Гусакс: Да, поскольку Бог – человеческий миф и проекция человека.
Судья Балафрэ: Напоминаю, что вы сегодня клялись на Библии, мистер Гусакс.
Гусакс: Да, я поклялся именем Божьим. И снова готов поклясться. Но этот Бог – не жестокий судья, разобщающий людей. Он сила соединяющая, световое поле, сосуд красоты.
Судья Балафрэ: Я узнал от вас много нового, мистер Гусакс.
Гусакс: У меня есть цитата, Ваша честь, которая объяснит вам, что я имею в виду. Это слова Симоны де Бовуар[262] о маркизе де Саде…
Хефферсон-Броу: Возможно, нам лучше будет цитату опустить и вернуться к «Балабонской башне». Насколько я мог уяснить, мистер Гусакс, вы считаете, что жестокость в книге оправдана тем, что автор глубоко проник в суть общественного недуга? Вы, помнится, сказали по-французски – malaise. Что, собственно, и значит «недуг», «несчастье»…

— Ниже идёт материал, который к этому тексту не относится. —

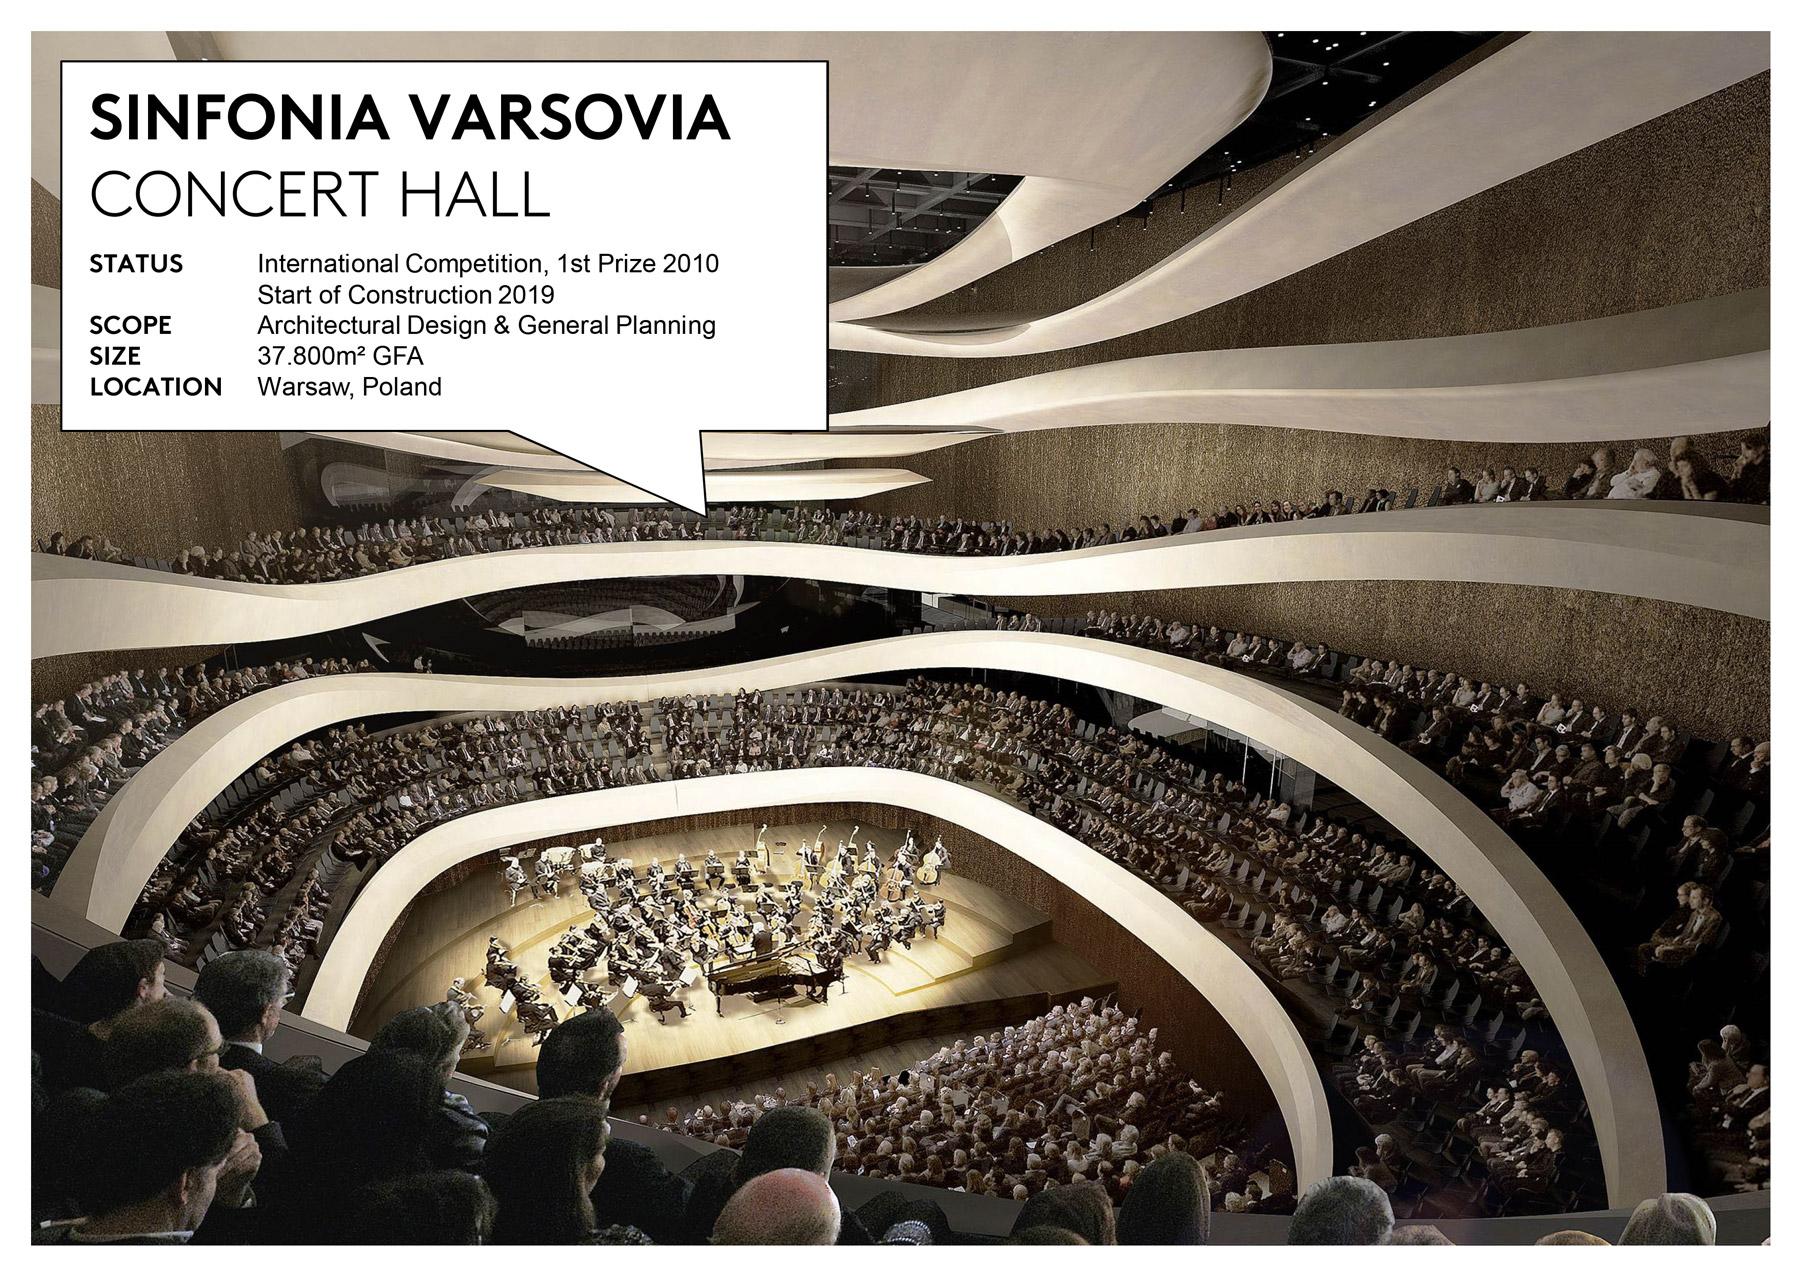 090_SVW_sinfonia_varsovia_Slide_02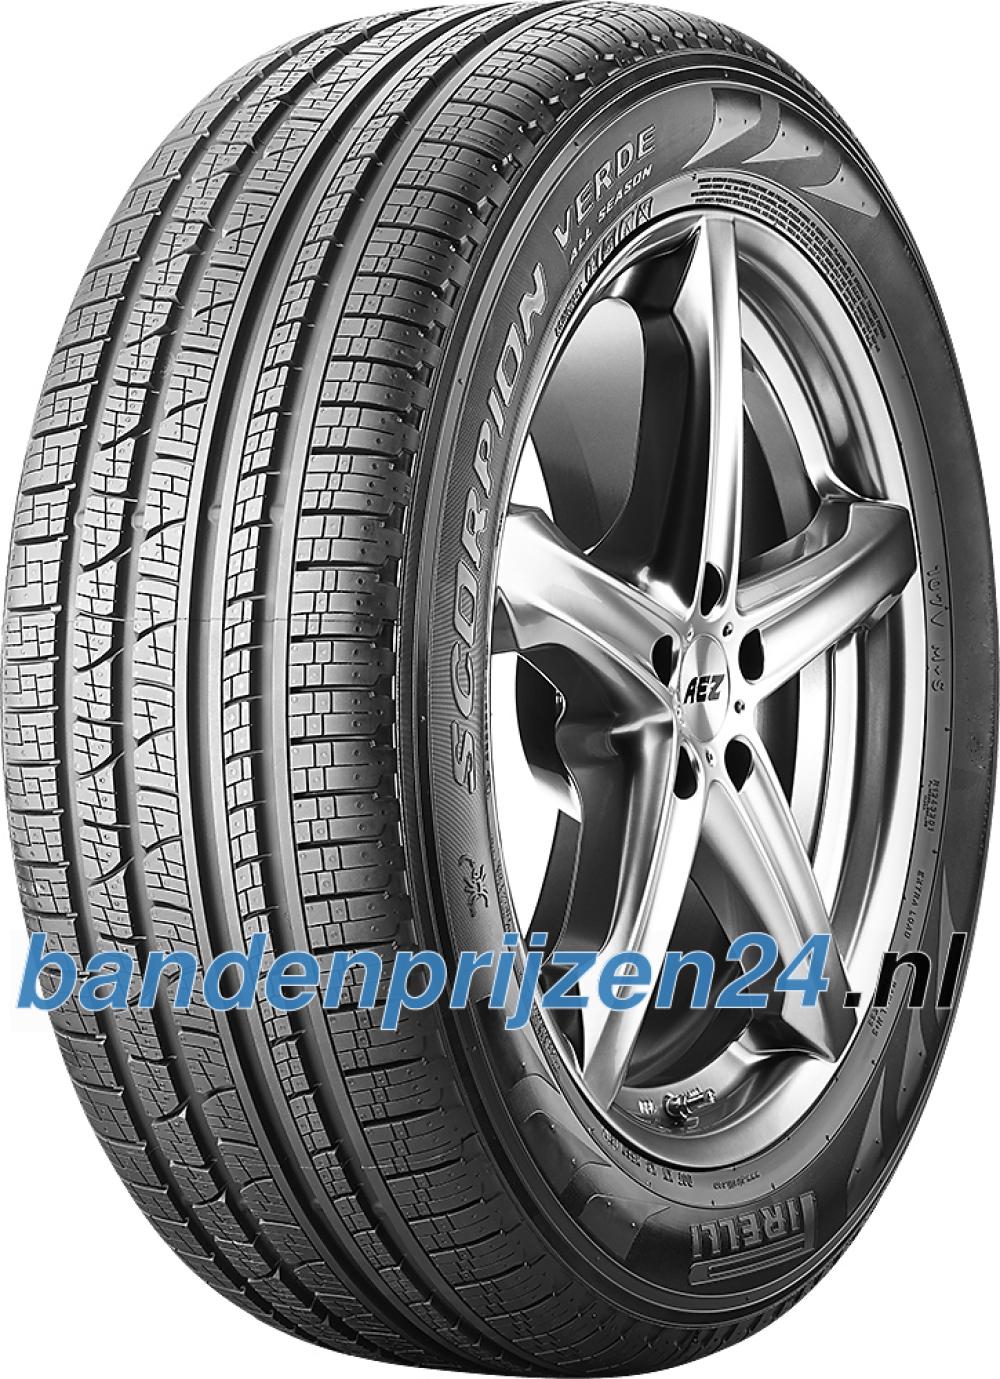 Pirelli Scorpion Verde All-Season RFT ( 285/45 R20 112H XL AOE, met velgrandbescherming (MFS), runflat )

Гусакс: Но цитата как раз все и объясняет, и у де Сада, и у Мейсона. Просто послушайте, Бовуар говорит предельно понятно. Это большая писательница, и ее уважают как мыслителя. Вслушайтесь: «Слишком охотно соглашаться с де Садом – значит предавать его, ибо он желает нам горя, порабощения, смерти. Всякий раз, как мы становимся на сторону ребенка, которому горло перерезал сексуальный маньяк, мы выступаем против де Сада. Но он и не запрещает нам защищаться. Он допускает, что отец имеет право предотвратить изнасилование своего ребенка или отомстить за него – даже убийством. Сад лишь требует, чтобы в борьбе непримиримых существований каждый защищал именно себя самого. Он одобряет вендетту, но порицает судилище. Мы смеем убивать, но не смеем судить. Судья в своих притязаниях нахальней тирана, ведь тиран всего лишь остается собой, а судья норовит свои мнения возвести в ранг вселенских законов. Все, что он делает, основано на лжи, ибо каждый заключен в тюрьму собственной кожи и не может быть посредником между отдельными личностями, сам будучи отдельной личностью».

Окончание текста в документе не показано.